Едва только я лег, — я не смею сказать уснул, ибо никогда не чувствовал себя более бодрствующим, Вальтер сел подле меня, и это не возбудило во мне никакого удивления.
— Твое предприятие бессмысленно, — сказал он мне, — ты переломаешь себе кости и не найдешь ничего интересного в этих странных местах. Это, несомненно, замечательный пример вулканических извержений, но все эти материи минералов этого охлажденного очага подверглись такому превращению, что тебе невозможно будет определить его породу. К тому же, каким образом ты доставишь нам образцы, которые мы могли бы подвергнуть анализу, если ты не знаешь, как вернешься ты сам?
— Ты говоришь хорошо, — ответил я ему, — но если ты сам мог прийти сюда и разыскать меня, то у тебя есть средства передвижения, которыми ты не откажешься поделиться со мною.
— Мне не стоило большого труда подняться по лестнице твоей комнаты, — сказал Вальтер, улыбаясь, — и если бы ты захотел сделать над собой усилие, то ты понял бы, что только твой ум присутствует на арктическом полюсе, между тем как тело сидит у стола и твоя рука пишет глупости, на которые мне забавно отвечать тебе.
— Ты смеешься надо мной, Вальтер, — вскричал я, — или же твой ум безумно стремится к нашему дому и к нашим привычкам в Фишгаузене; разве же ты не видишь короны северного сияния, вершины огромной горы и белого стеклянного моря, окружающего ее?
— Я вижу только, — ответил он, — колпак твоей лампы да твою пирамидальную чернильницу с фаянсовой крышкой. Ну, полно, проснись и послушай звуки рояля, под аккомпанемент которого Лора поет романс своему отцу, между тем как он преспокойно покуривает трубочку у окна в зале.

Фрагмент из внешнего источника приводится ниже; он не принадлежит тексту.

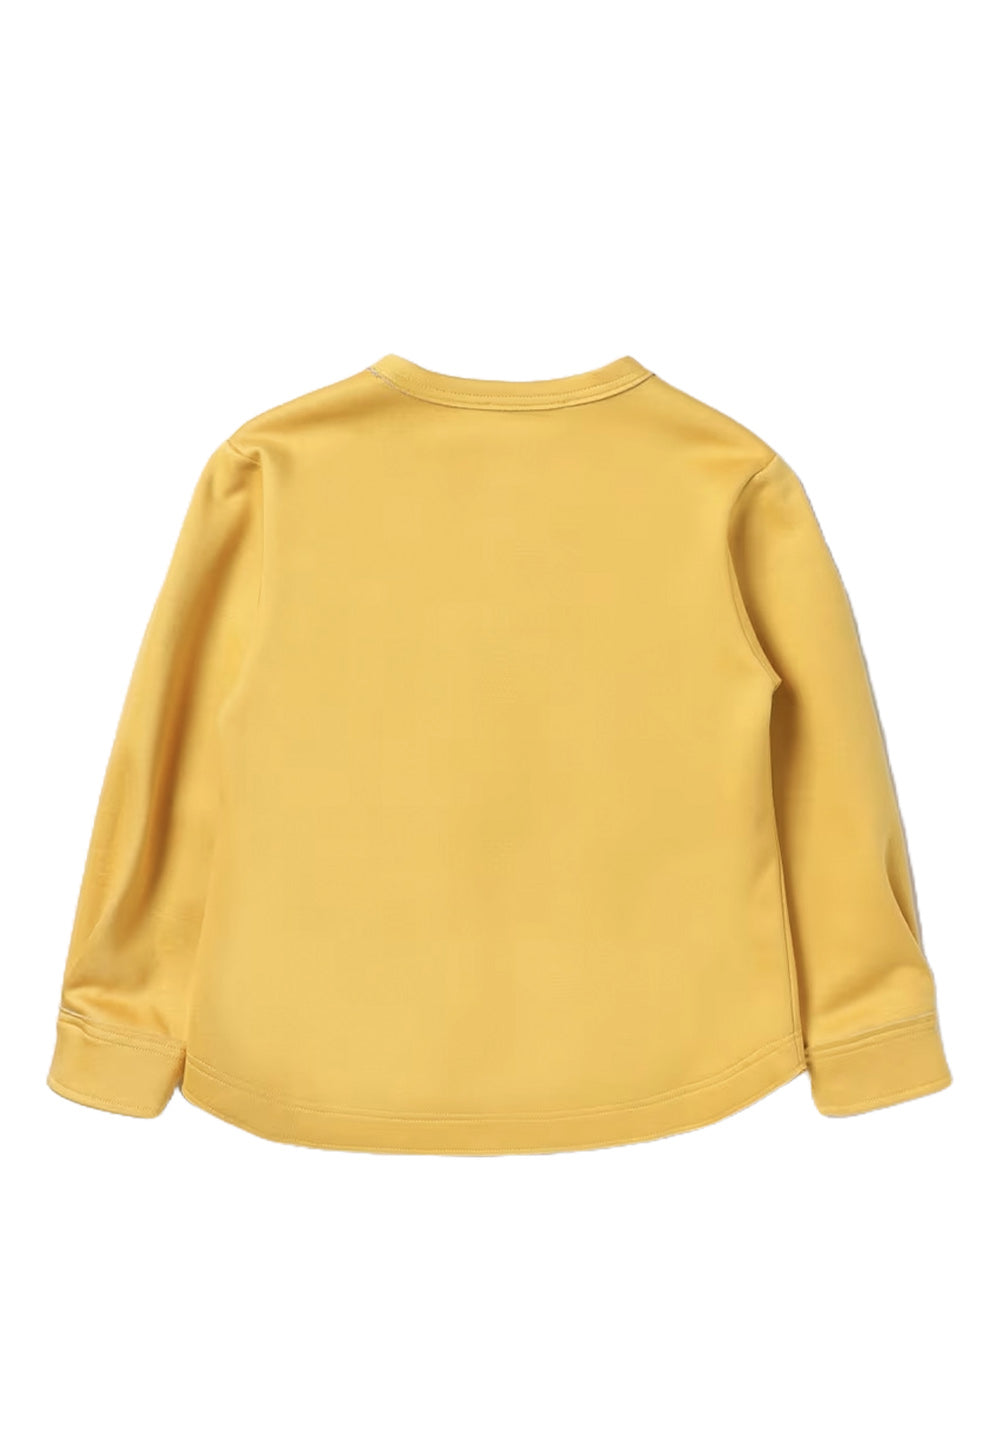 Yellow crewneck sweatshirt for girls

Я стремительно вскочил. Вальтер исчез, опаловое море сверкало у моих ног, и северное сияние образовывало надо мною громаднейшую радужную дугу. Назиас, сидя на некотором расстоянии, действительно покуривал свою трубочку, и я отчетливо услышал голос Лоры и звуки рояля. Эта смесь сна и бодрствования промучила меня часть ночи. Голос Лоры, столь приятный в моем воспоминании, в эту минуту доносился до меня с возмутительною реальностью; Лора совсем не умела петь, она слегка пришепетывала, что делало ее пение комическим. Только в кристалле она освобождалась от этого недостатка. Выведенный из терпения, я высунулся в окно моей комнаты и крикнул ей через сад, чтоб она не коверкала романса Саул. Она не обратила на это ровно никакого внимания, и я, чтобы не слышать, бросился на кровать, заткнул себе уши и заснул.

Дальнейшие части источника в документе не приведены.